Without the pictures, output all of the data exactly.

◆ Raw data ◆
-- Opening Marker --

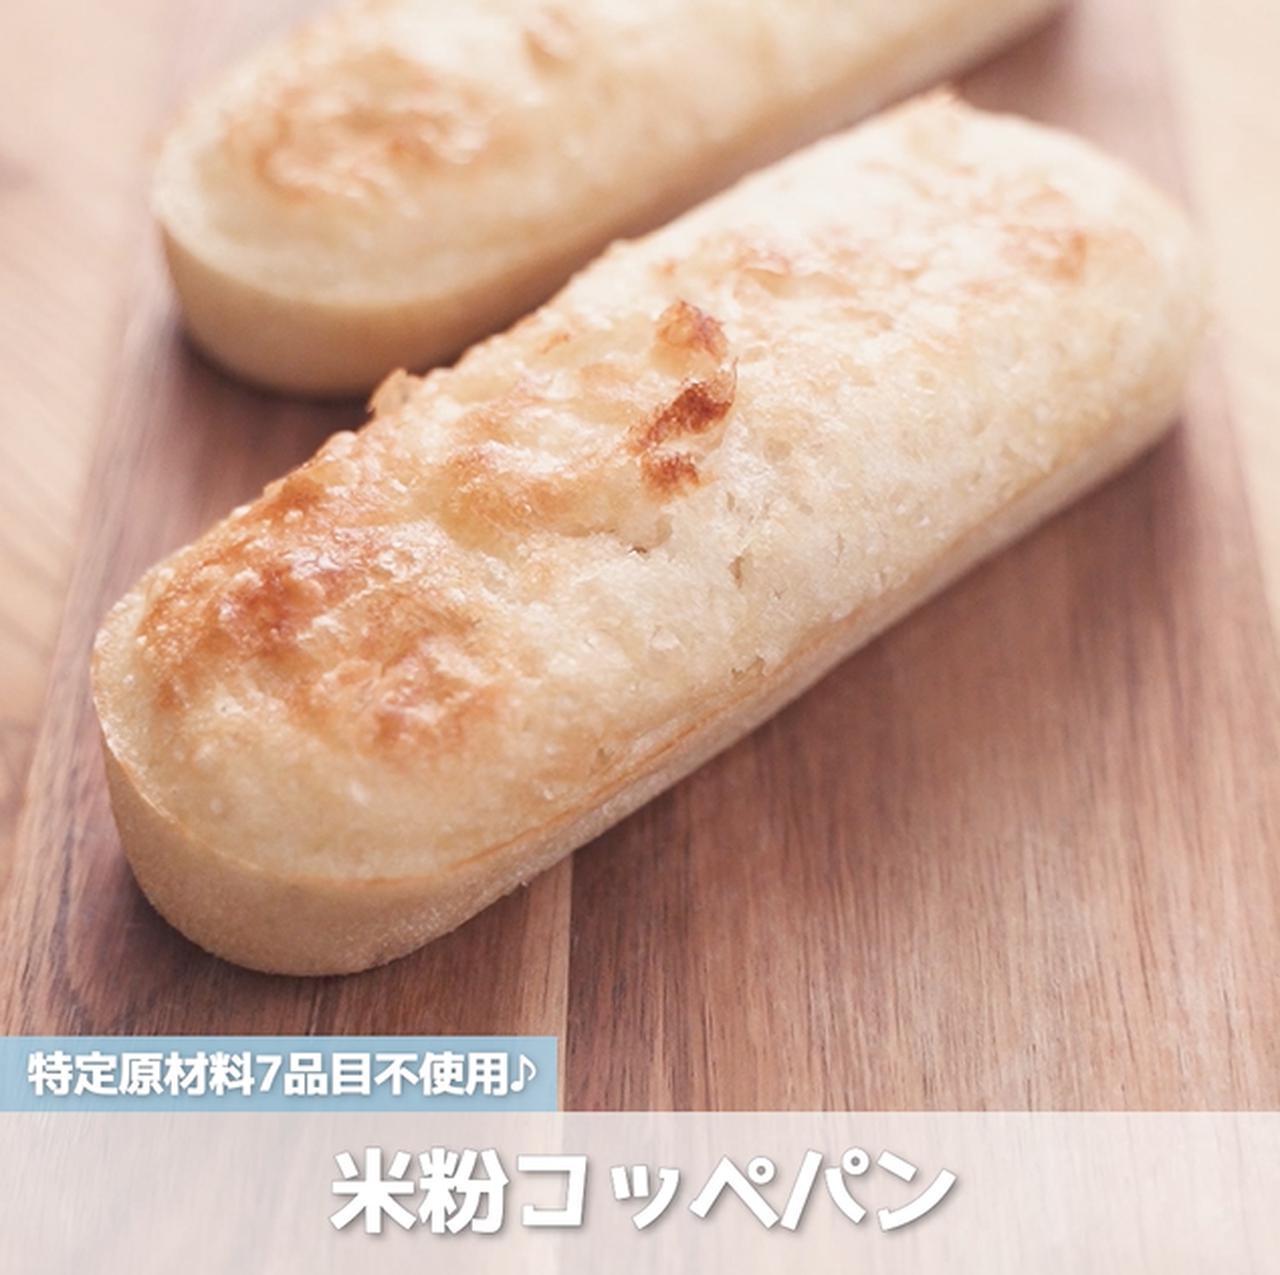 画像: 卵・小麦・乳不使用‼米粉パンミックスで作る、米粉コッペパン - 君とごはん
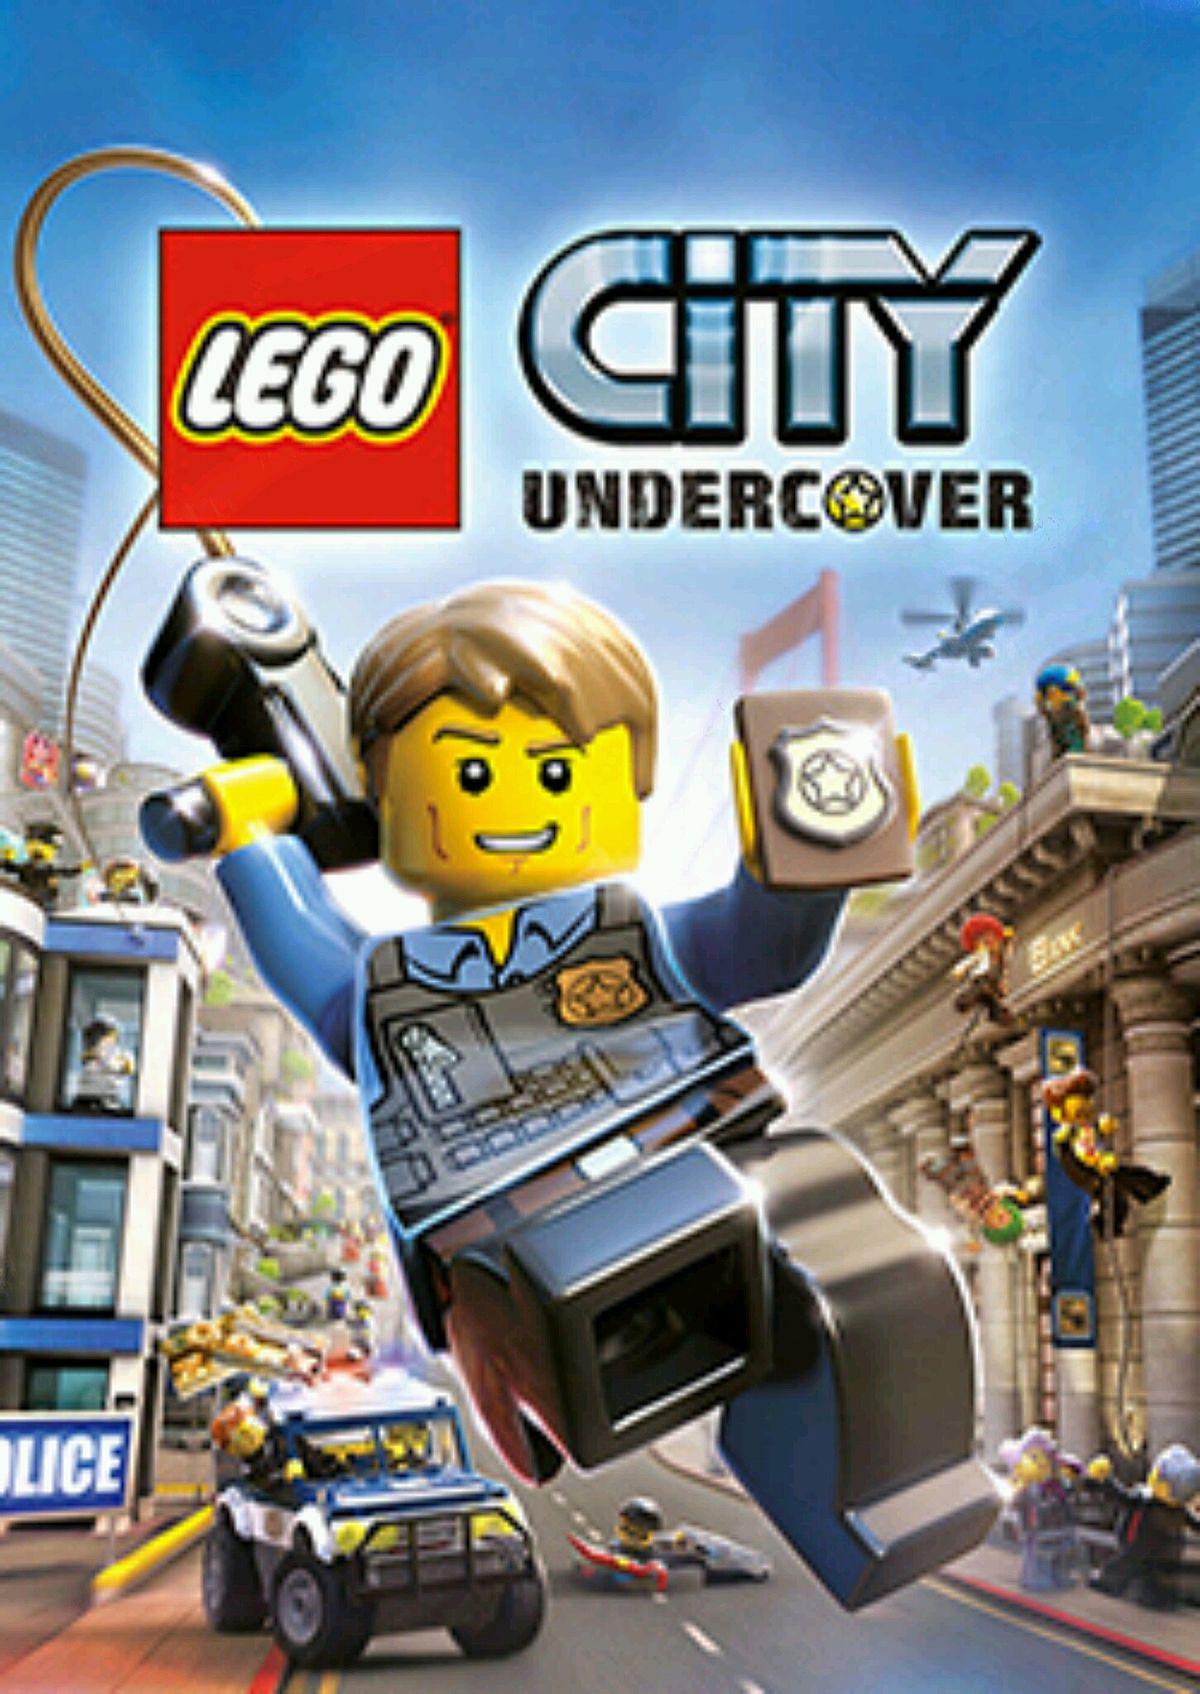 LEGO City Undercover (Цифровая версия)Присоединяйтесь! В самой разнообразной из всех игр LEGO вас уже ждет ее главный герой – полицейский под прикрытием Чейз Маккейн.<br>
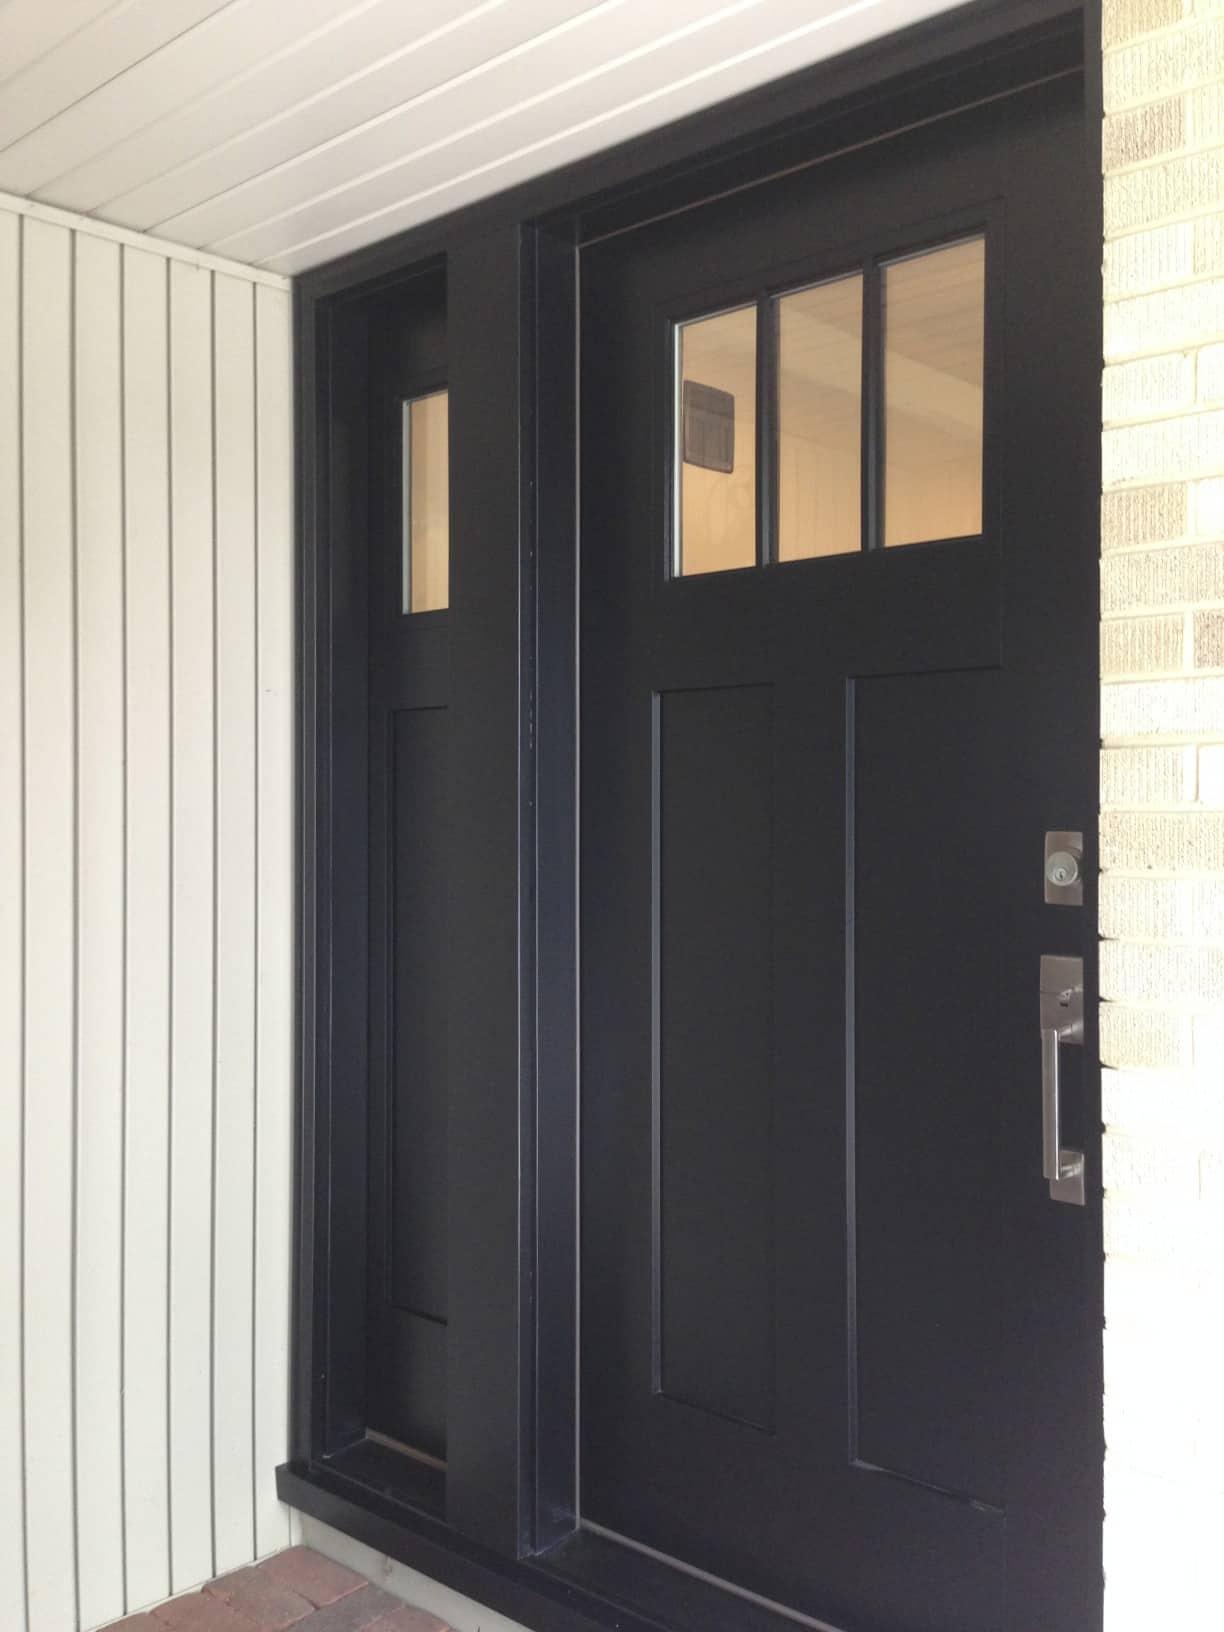 Fiberglass Entry Door Manufacturers : Replacement fiberglass entry doors american thermal window
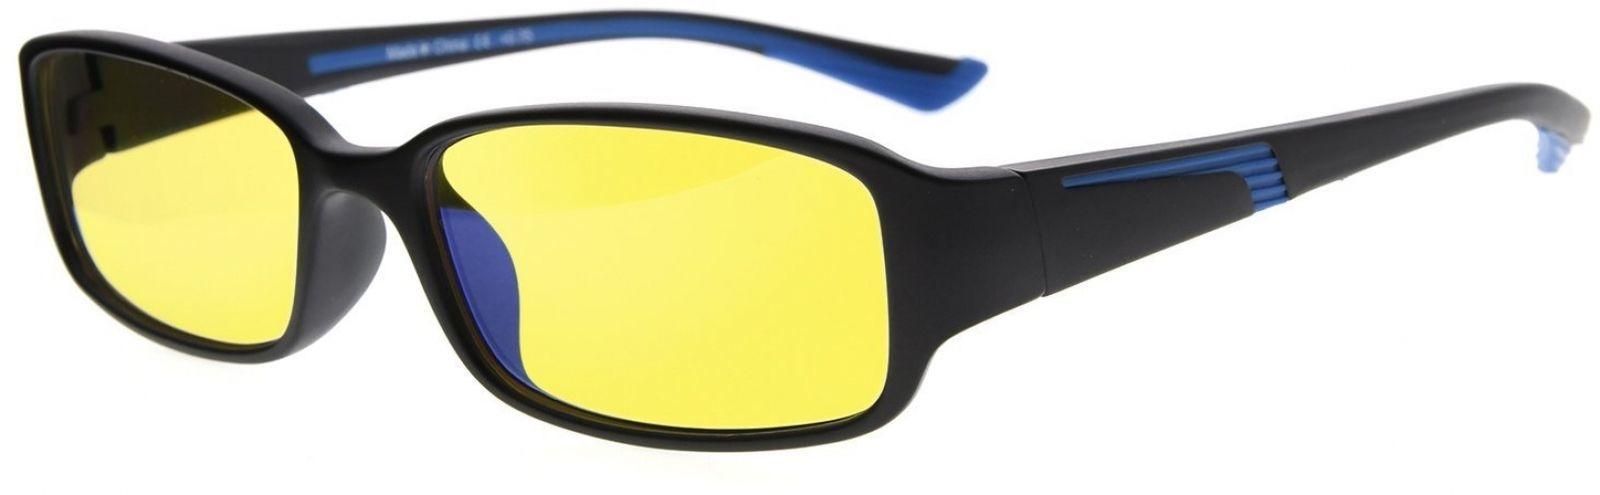 6f0e3322ef4 Eyekepper Anti Blue Light More Than 94% and 50 similar items. S l1600

-- Closing Marker --

◆ Expected output ◆
 画像: 卵・小麦・乳不使用‼米粉パンミックスで作る、米粉コッペパン - 君とごはん
 LEGO City Undercover (Цифровая версия)Присоединяйтесь! В самой разнообразной из всех игр LEGO вас уже ждет ее главный герой – полицейский под прикрытием Чейз Маккейн.<br>
 Fiberglass Entry Door Manufacturers : Replacement fiberglass entry doors american thermal window
 6f0e3322ef4 Eyekepper Anti Blue Light More Than 94% and 50 similar items. S l1600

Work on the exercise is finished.